LuLu Takes Another Step Forward

I've been aware of LuLu for some time now. I keep looking, browsing, and contemplating. I look at the cover art and read the descriptions. I look at the reviews and wonder who wrote them, how well the reviewers know the author and whether their opinions are unbiased. I look at the prices and the ordering options. I look. However, after reading about award-winning author John Edgar Wideman's decision to experiment with self-publication through LuLu, I might actually be enticed to start buying from the site.

I also have to stop and consider what John Edgar Wideman's bold move means for the publishing industry as a whole. Is this the first small pebble in the pond? Will other established and traditionally published authors risk the loss of their next advance and the subsequent royalty checks? It seems hard to imagine, but yet here is evidence that not everyone who has been accepted into the publishing fraternity is content with their membership.

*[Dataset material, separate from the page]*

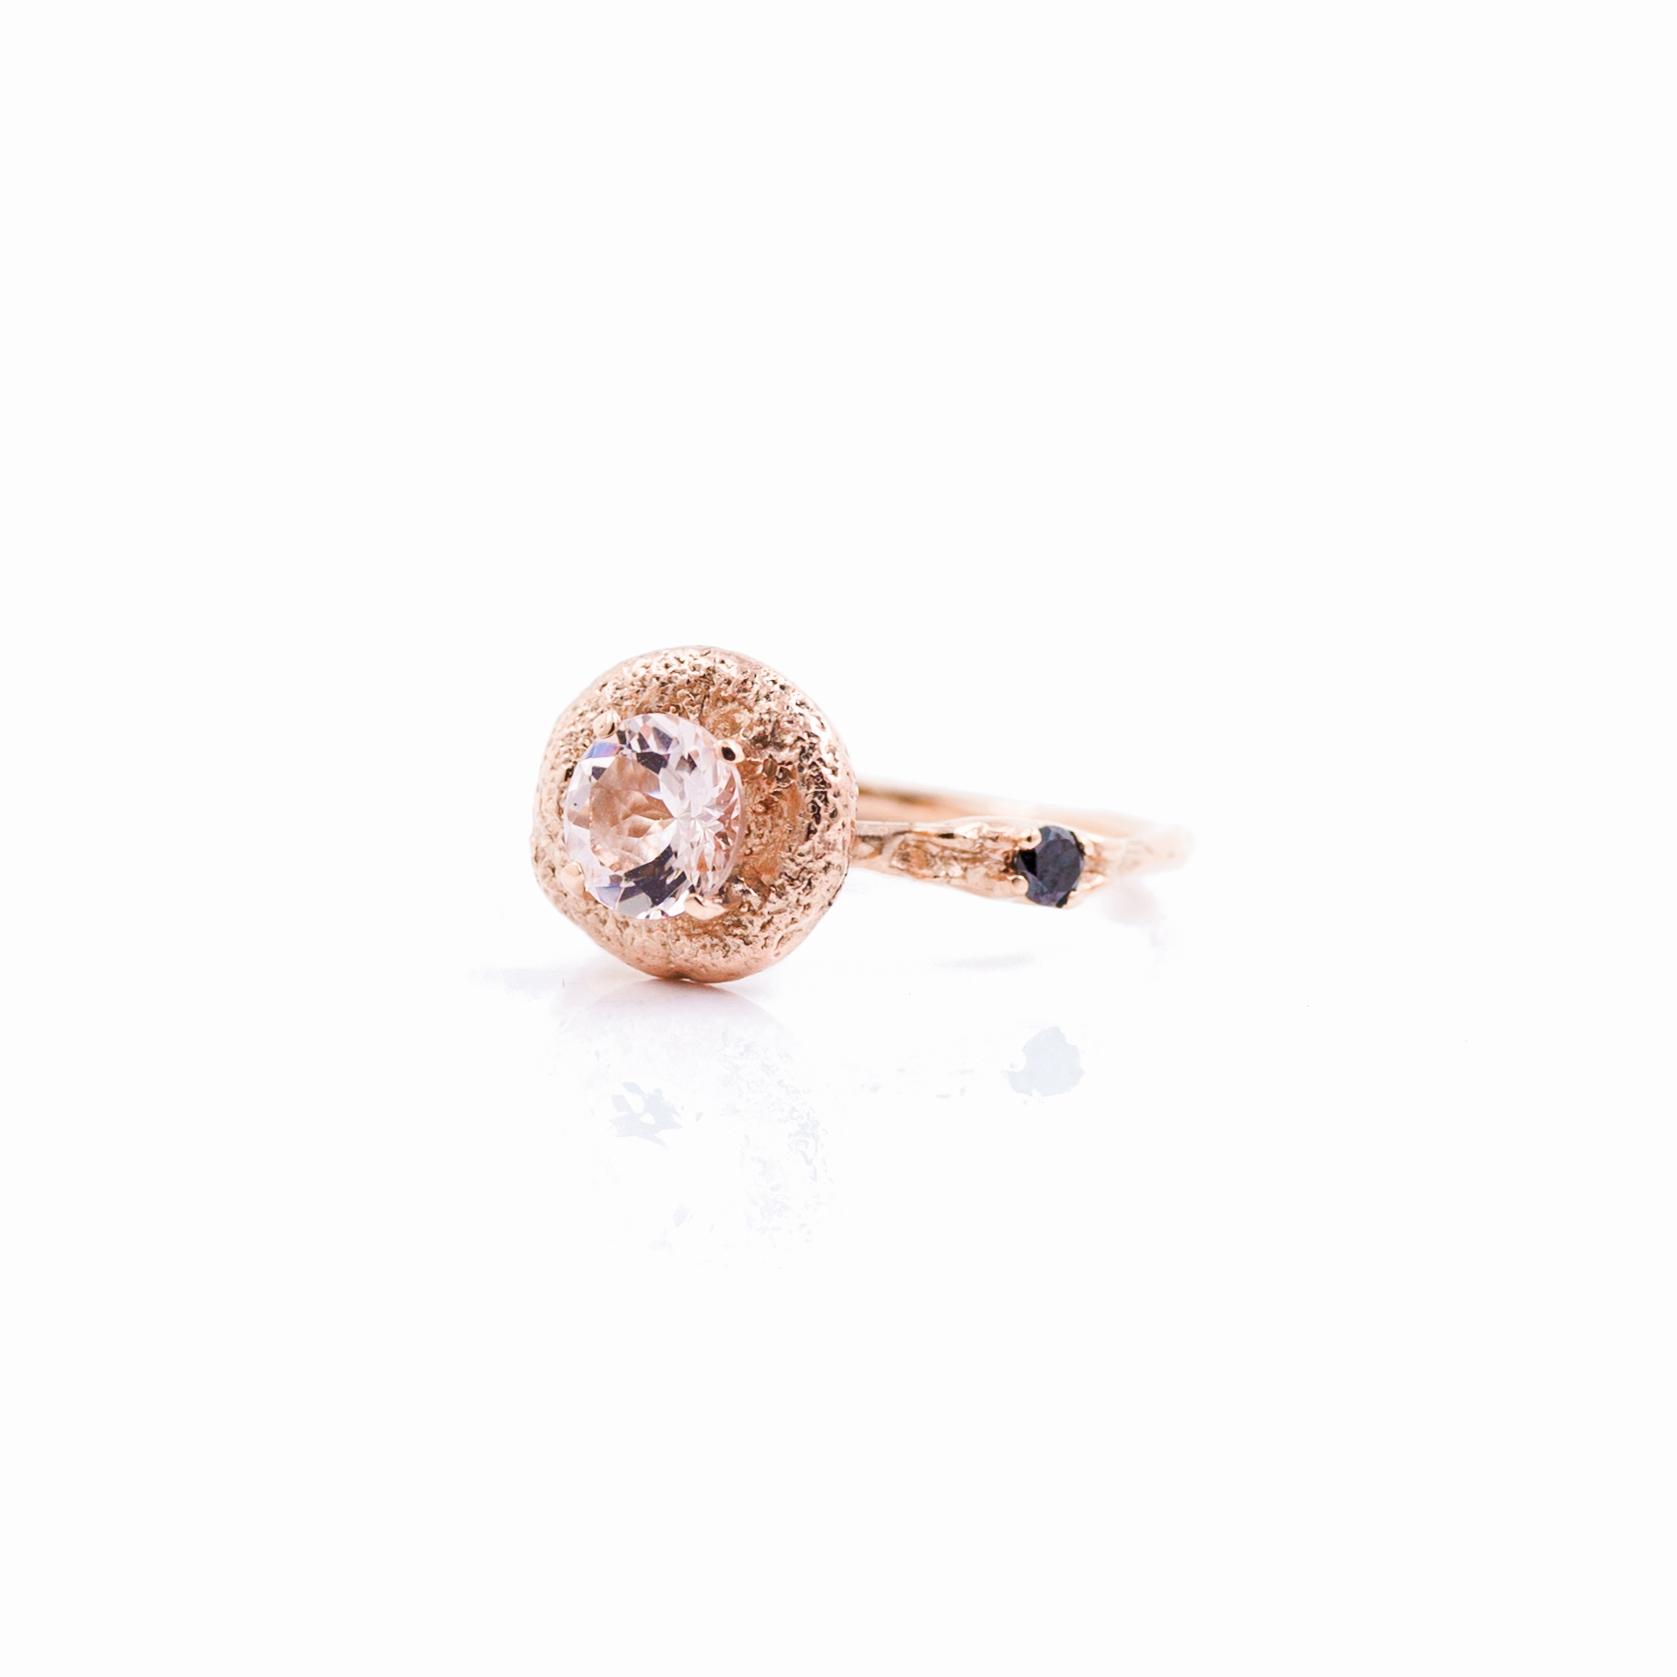 Surfacing Engagement Ring   18ct rose gold, morganite, black diamond.

Of course, John's royalties from previous books will continue to be forwarded to him. That's something to consider, too.

I know I'm rambling a bit, but this defection, if that's what this is, could be the first step to taking the sting out of the self-publishing stigma. Or not.

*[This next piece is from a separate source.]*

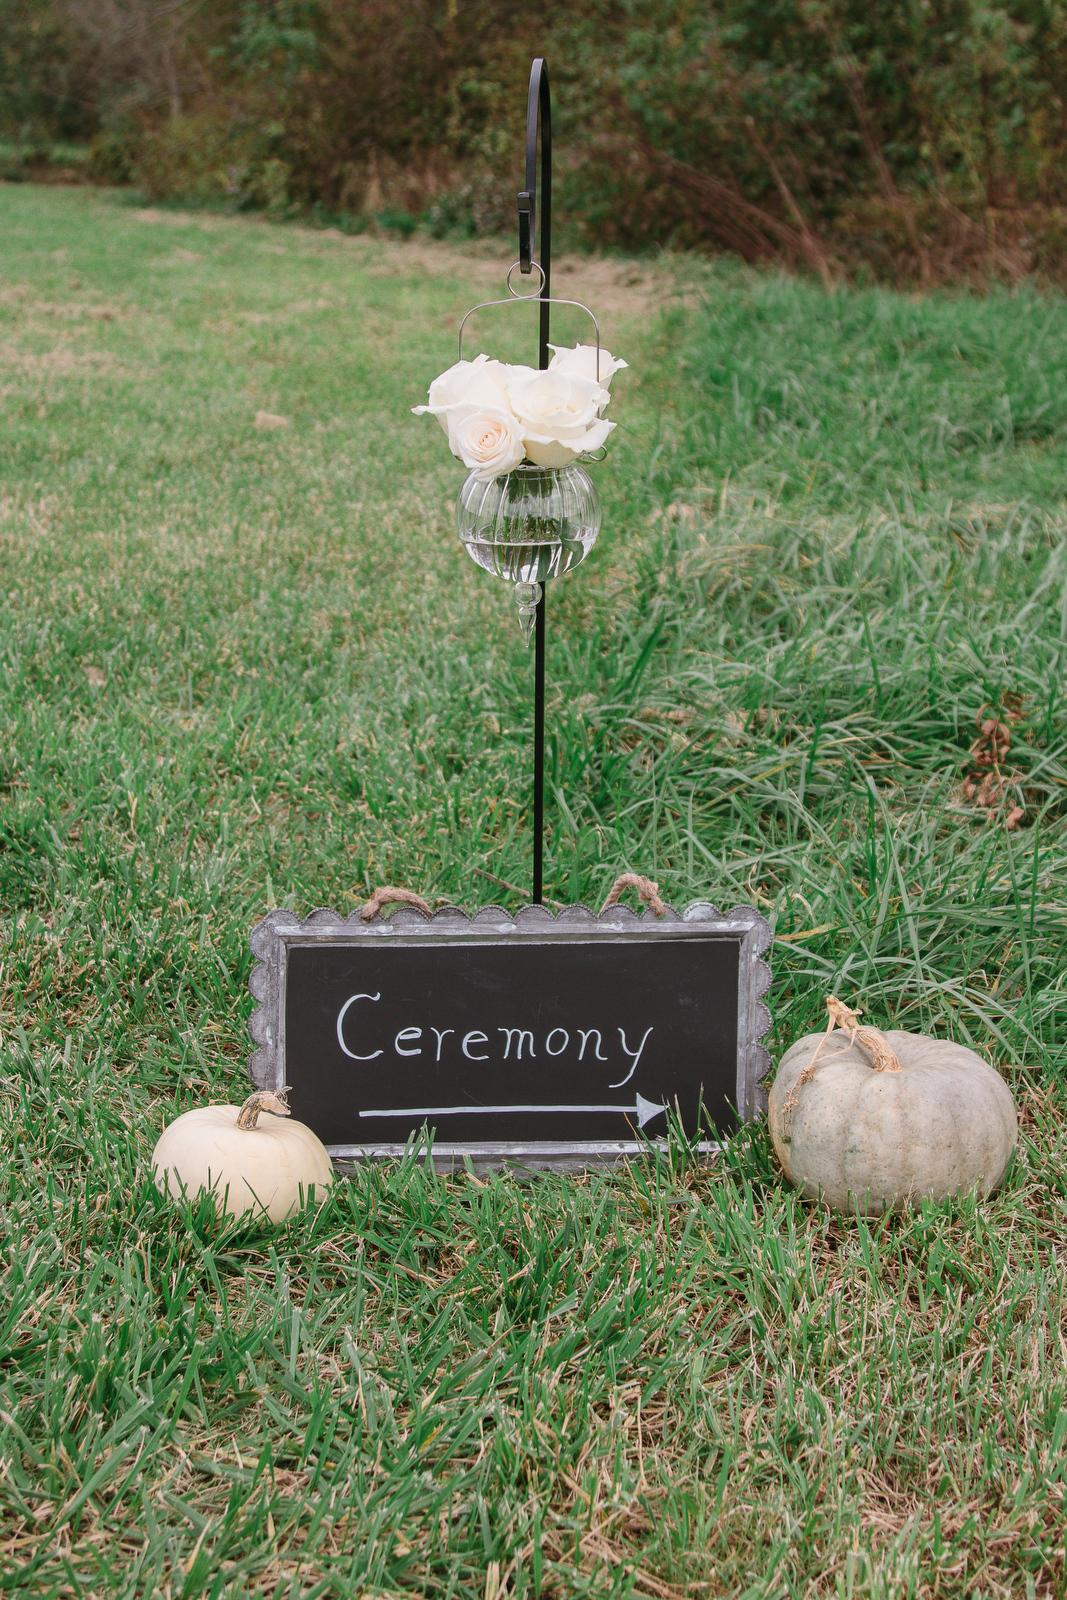 01_Pre-Ceremony_025.JPG

Why do I care? Well, it's stories like this that whisper to me that perhaps self-publication isn't a completely dreadful idea. Because while I want the Holy Grail of Publication, the reality is that my book has to land on the right desk at the right time in front of the right person. Basically, the stars must align and, since I've been waiting for seven months to hear back from the agent who has my full manuscript, I'm thinking I'll be old and gray before the stars do their thing.

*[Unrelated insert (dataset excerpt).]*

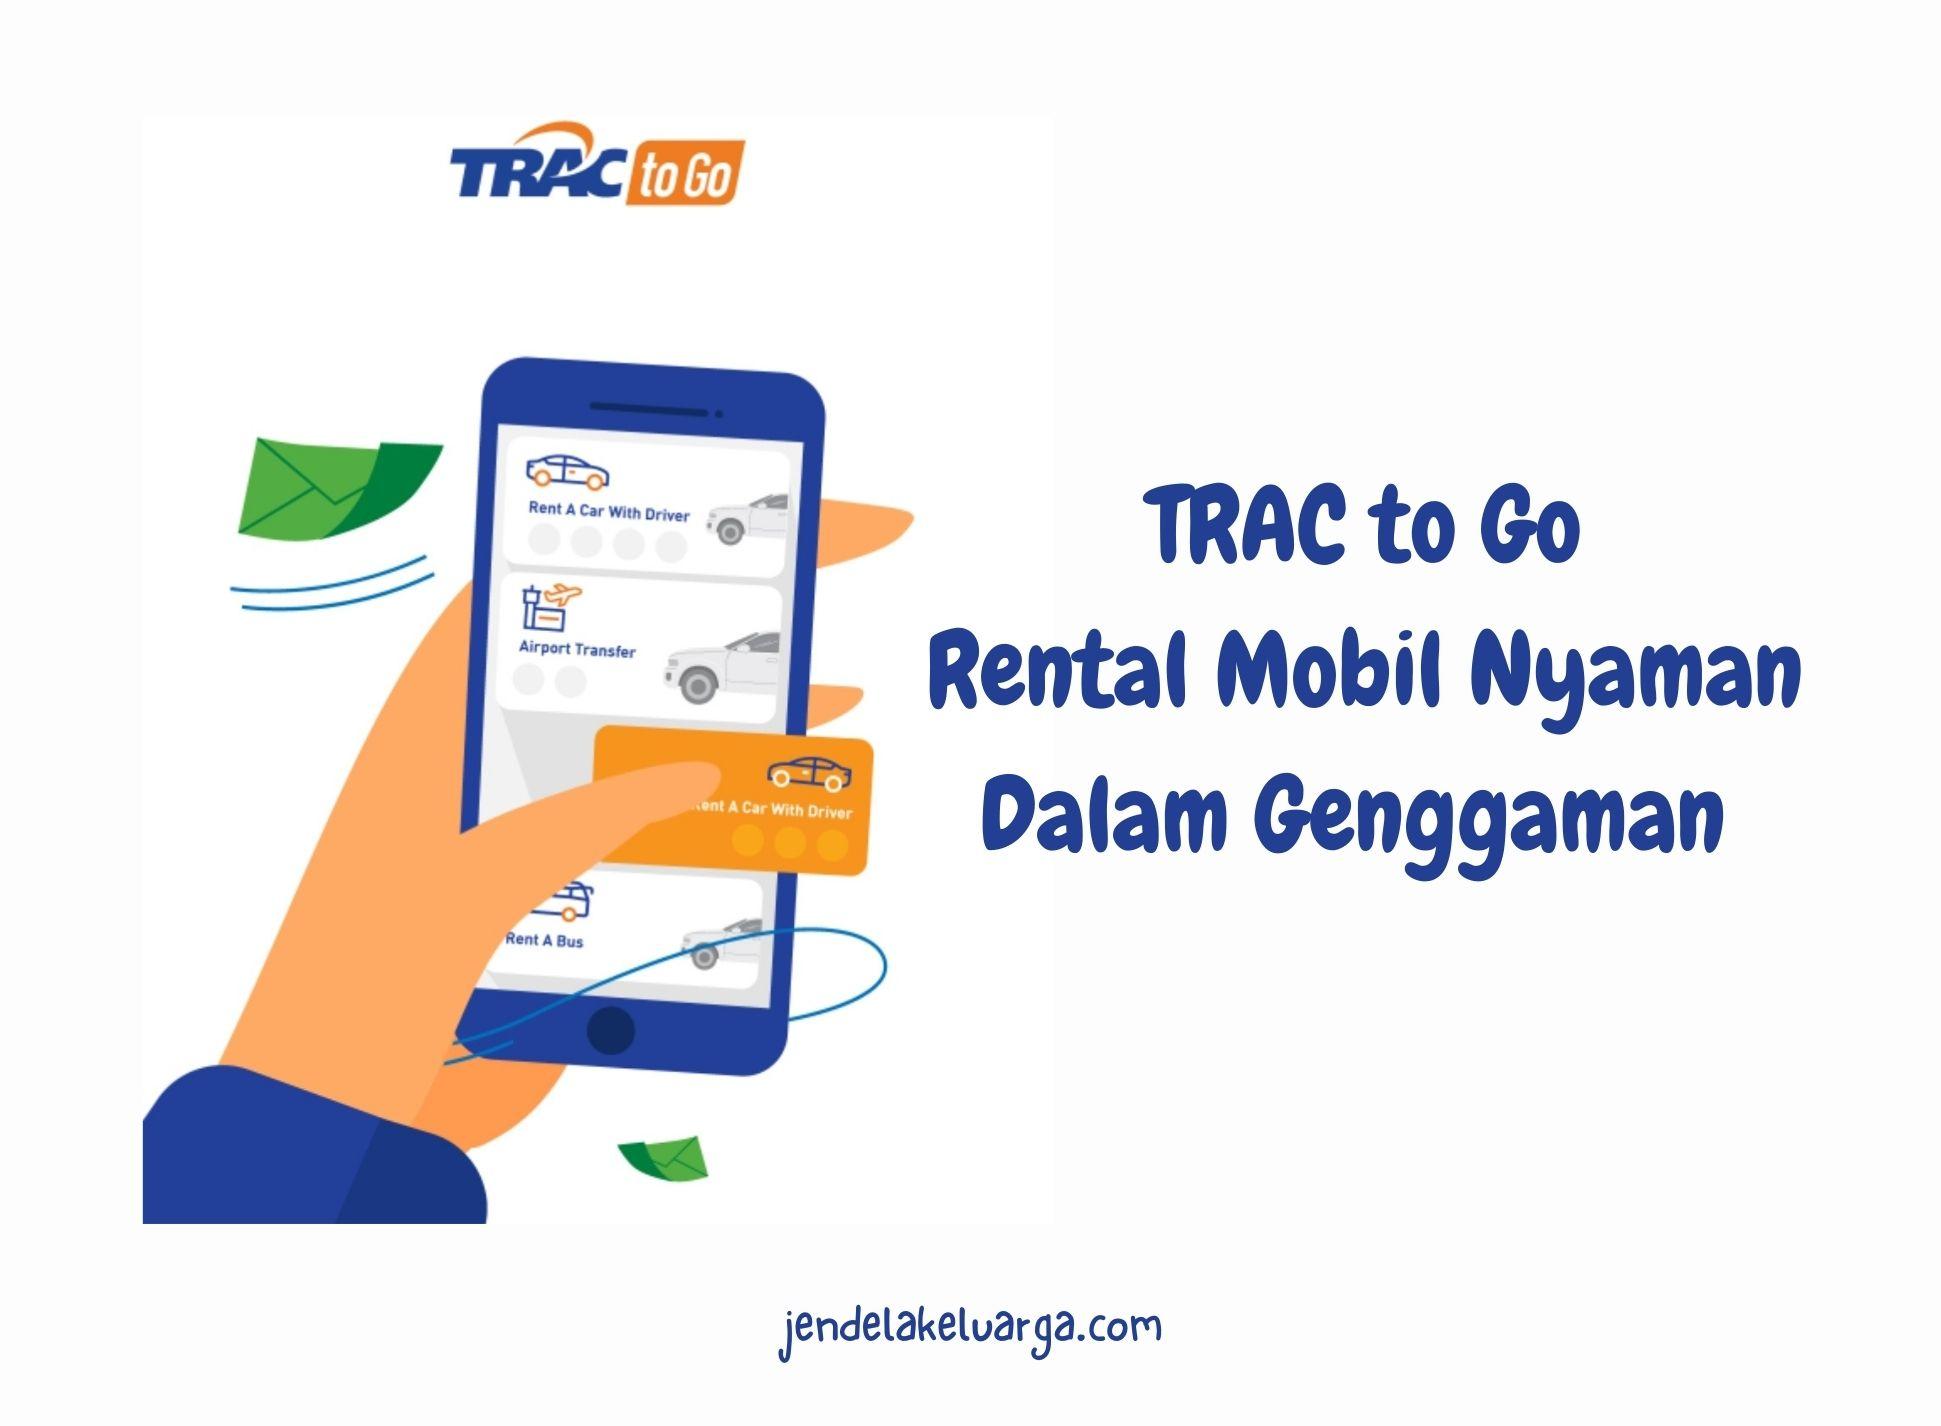 TRAC To Go Aplikasi Rental Mobil dalam Genggaman

So I consider self-publishing for myself. For my family and friends.

Because the reality is, I don't expect to become the next Nora Roberts, Stephen King, or J. K. Rowlings. Oh, don't get me wrong, I'd love to hit it big, but the likelihood of such a thing happening is slim. That's reality.

Isn't reality a downer?

Strangely, this rather pessimistic outlook hasn't prevented me from writing and finishing my manuscripts. Writing is something I do, publication is something I aspire to.

And I've got options. I can try my luck on the path of tradition, but I can also widen my search to include e-publishers, something I've yet to attempt. However, for those rare instances when an e-book simply will not do and the traditional path seems too difficult to traverse, I may just turn to Lulu.